FIGURE 8.3.68. Accessory mitral tissue. Accessory mitral tissue (arrow) produces obstruction in the left ventricular outlet. AO, aorta; LA, left atrium; LV, left ventricle; MV, mitral valve; RA, right atrium; RV, right ventricle.

FIGURE 8.3.69. Anomalous insertion of the mitral chordae tendinae. Transesophageal echocardiographic image at 132° demonstrates the abnormal insertion of mitral chordae tendinae (arrows) in the anterosuperior portion of the left ventricle (LV). AO, aorta; LA, left atrium; RV, right ventricle.

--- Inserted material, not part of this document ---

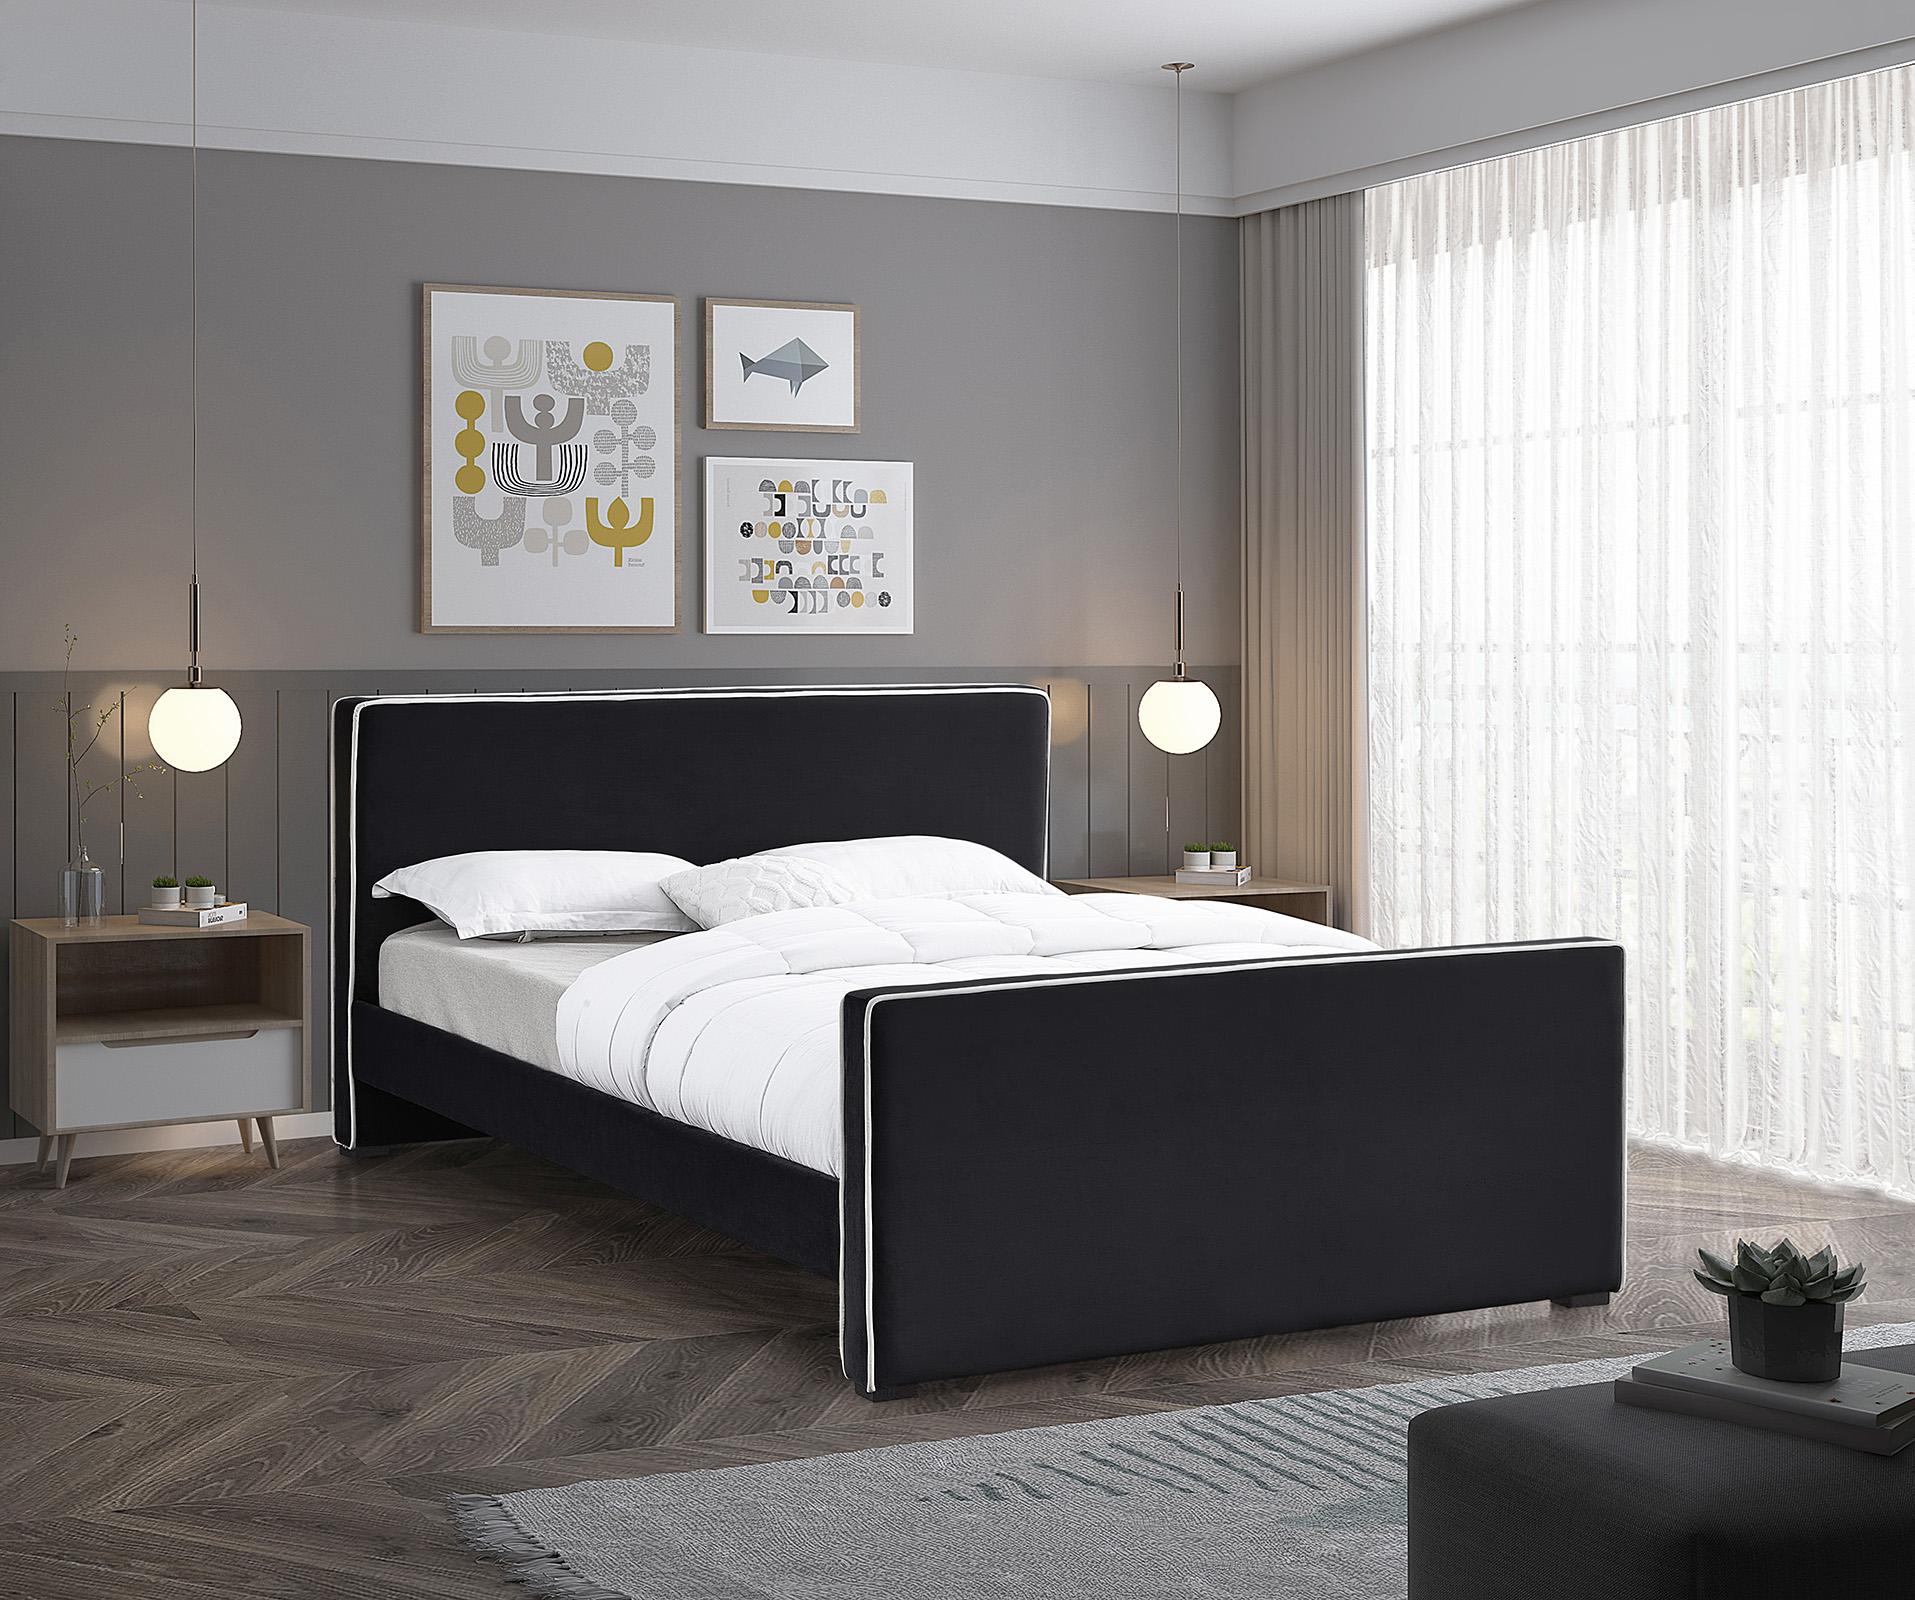 

    
Meridian Furniture DILLARD DillardBlack-F Platform Bed Black DillardBlack-F

Mitral Arcade or Hammock Valve

In this abnormality, the papillary muscles extend directly to the edges of the leaflets. In the most severe form, the muscles fuse on the leading edge of the aortic leaflet, forming the muscular arcade. The view from the left ventricle shows a fibrous tissue bridge in the shape of an arcade below the anterior mitral leaflet that extends from the anterolateral to posteromedial papillary muscles. Echocardiographically, the direct insertion of the leaflets into the papillary muscles or through short and thick chords can be best demonstrated using the transgastric approach and mid retrocardiac transverse planes (Figs. 8.3.70 and 8.3.71).

FIGURE 8.3.70. Four-chamber view showing a mitral hammock valve. Note the direct insertion of the leaflets into the papillary muscles (arrow) and the dome-shaped opening. LA, left atrium; LV, left ventricle; RA, right atrium; RV, right ventricle.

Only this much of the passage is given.